International 10. Drug Chemistry Conference, Antalya, Turkey, 10 - 13 March 2022, pp.44
Developing small fluorescent organic dyes with large Stokes shifts, which can minimize cross-talk
between the excitation source and the fluorescent emission for cellular imaging, is crucial in cell
imaging to probe biological dynamics and monitor RNA and DNA at the cellular level.1
In our previous
studies related to the ESIPT mechanism, we found that compounds with disubstituted imidazole rings
have remarkable fluorescence properties and large Stokes shifts. One of our imidazole derivatives (Bk6) was a fluorescence sensor sensitive to intracellular pH changes, with a Stokes shift of 143
nanometres, and another derivative was sensitive to Fe3+ ions with a Stokes shift of 107 nm.

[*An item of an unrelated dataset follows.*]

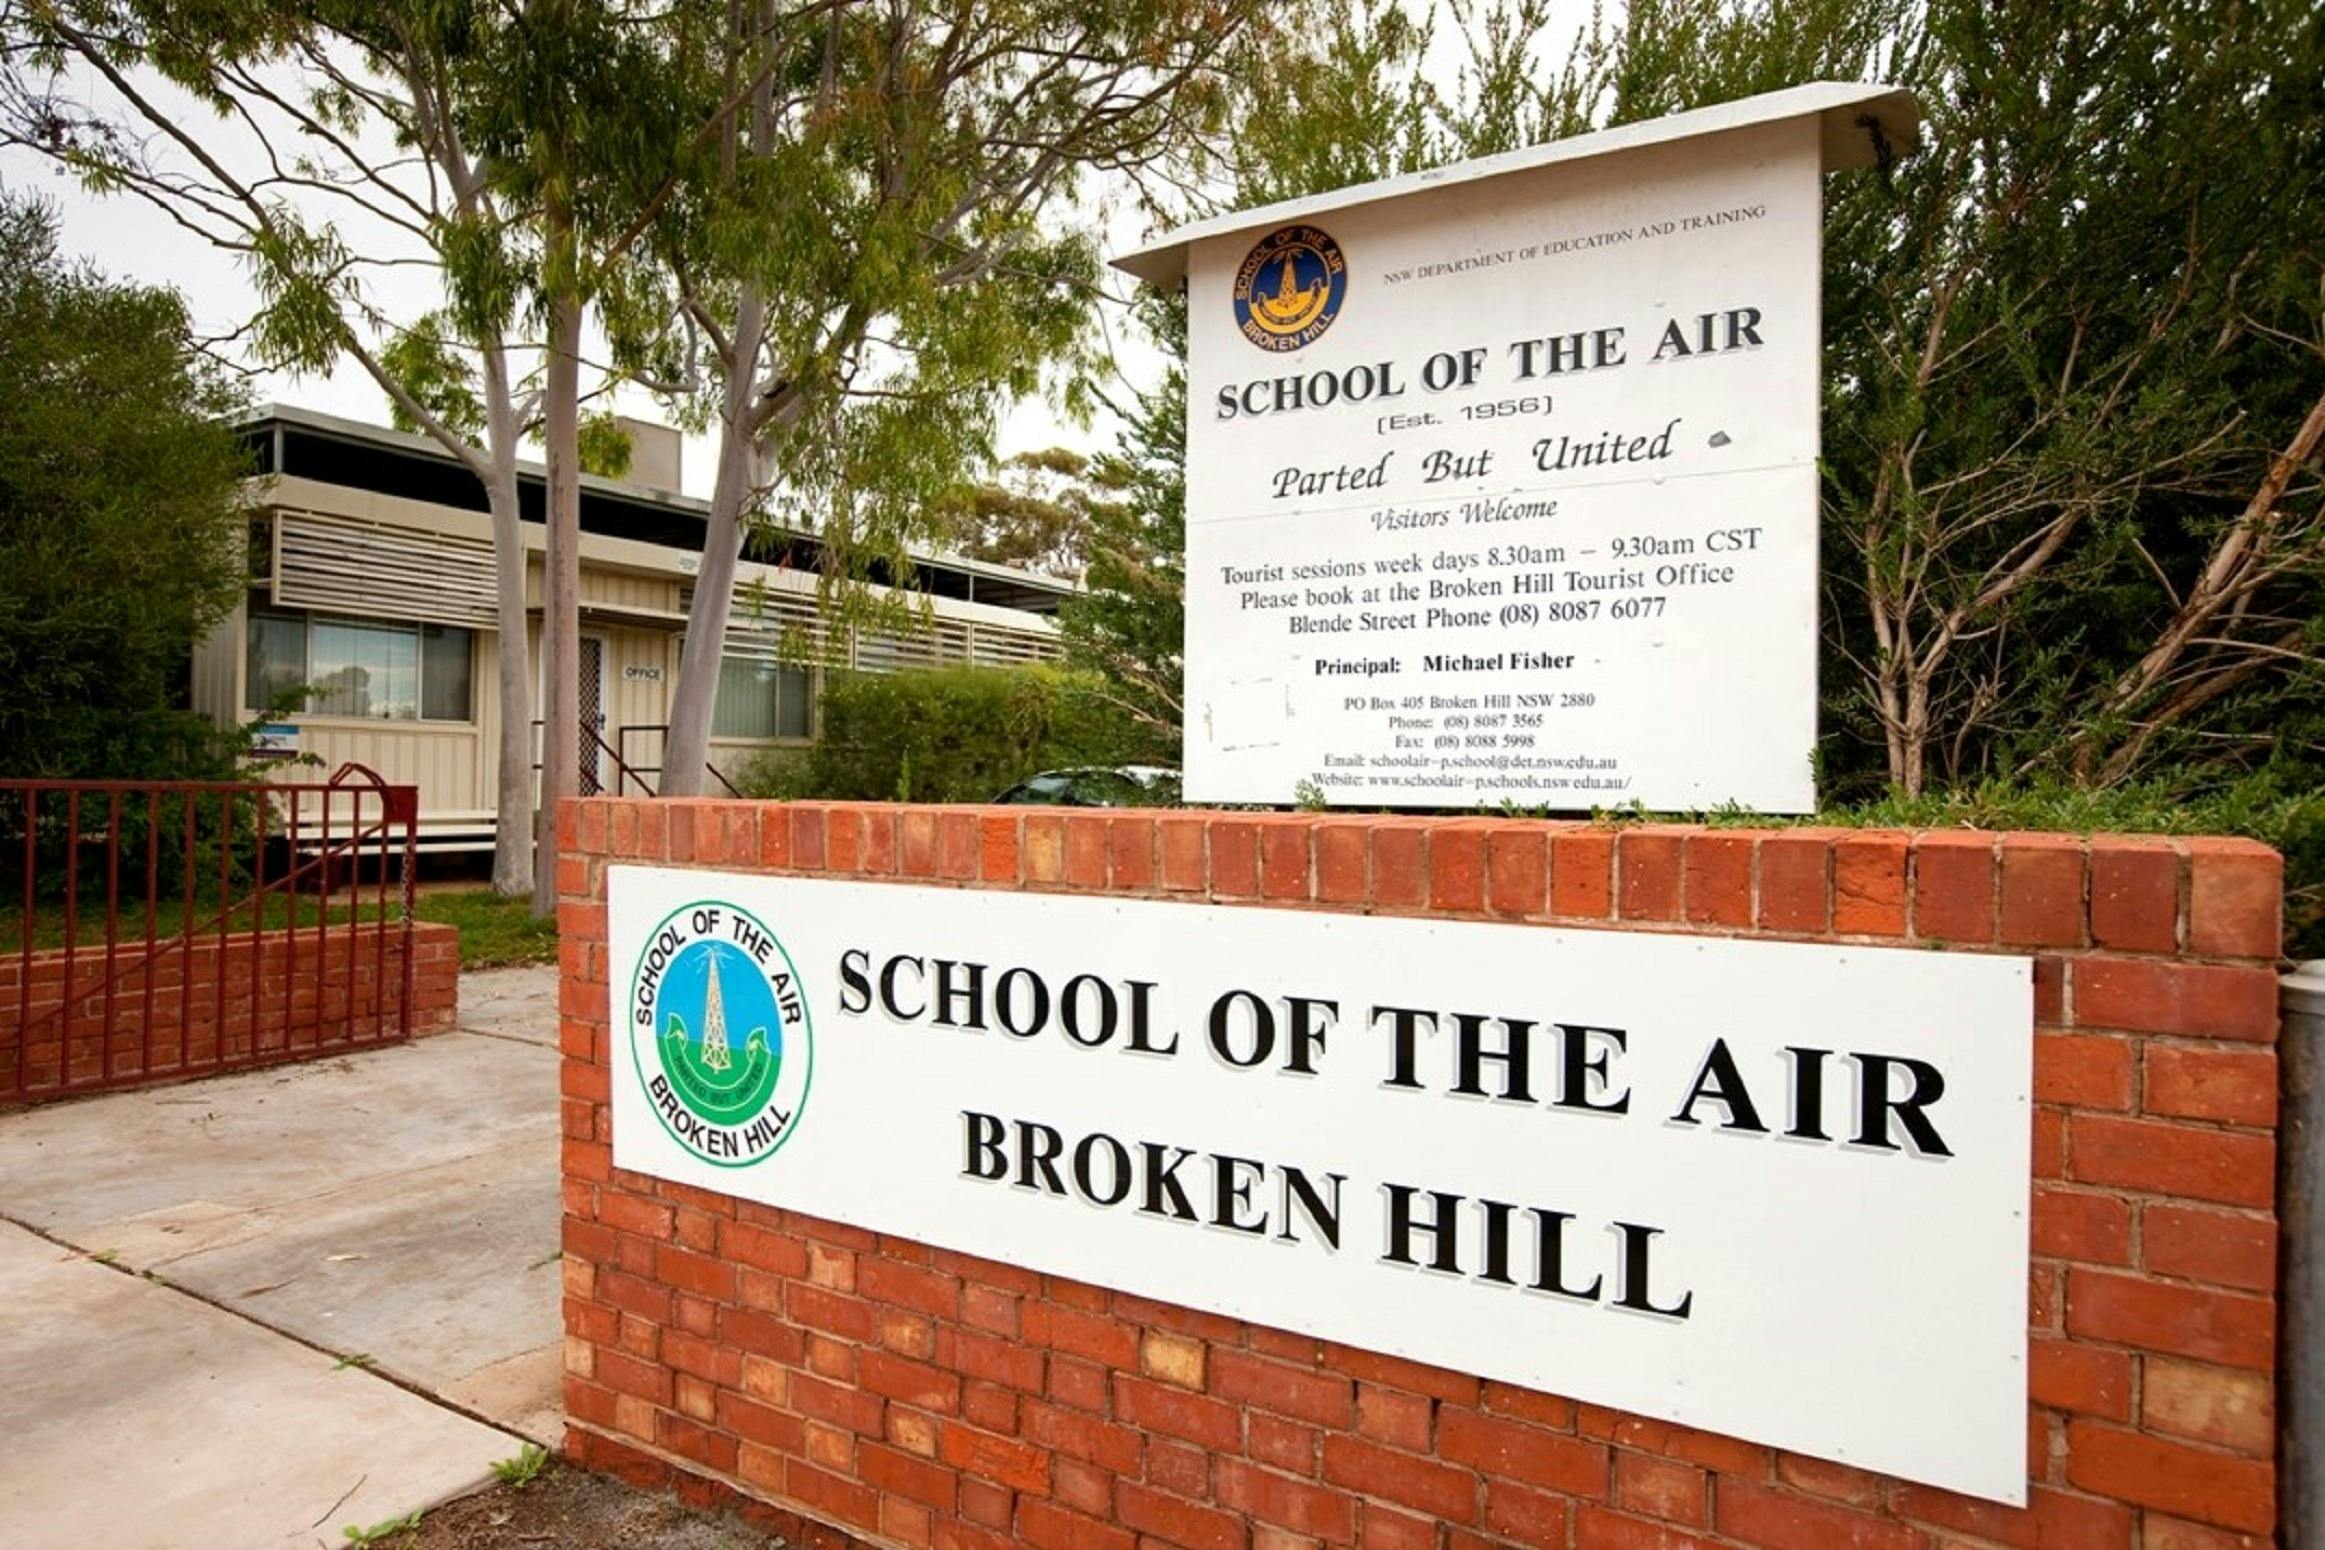 Брокен Хиллс. School of the Air. School of the Air текст. School of the Air in Australia.

In addition, the commercially available fluorescent organic dyes, such as nil red dyes, cyanine dyes,
have Stokes shifts below 70 nm and lead to undesired background interferences.3 To cope with this
issue, we developed a series of possible fluorophore dyes with large Stokes shifts (Δλ ≥ 100 nm), as
well as a fluorescence library of mono- and di-substituted imidazole molecules, to examine the
intracellular fluorescence dye properties of the molecules with the best fluorescence activity. As a result, ten of the synthesized molecules showed Stokes shifts greater than 100 nm and their
emissions were higher than 500 nm. Molecule C, our most active molecule, had an emission at 620
nm, while the Stokes shift is 224 nm. Cell imaging experiments will be conducted on the various live
cell lines with different molecules.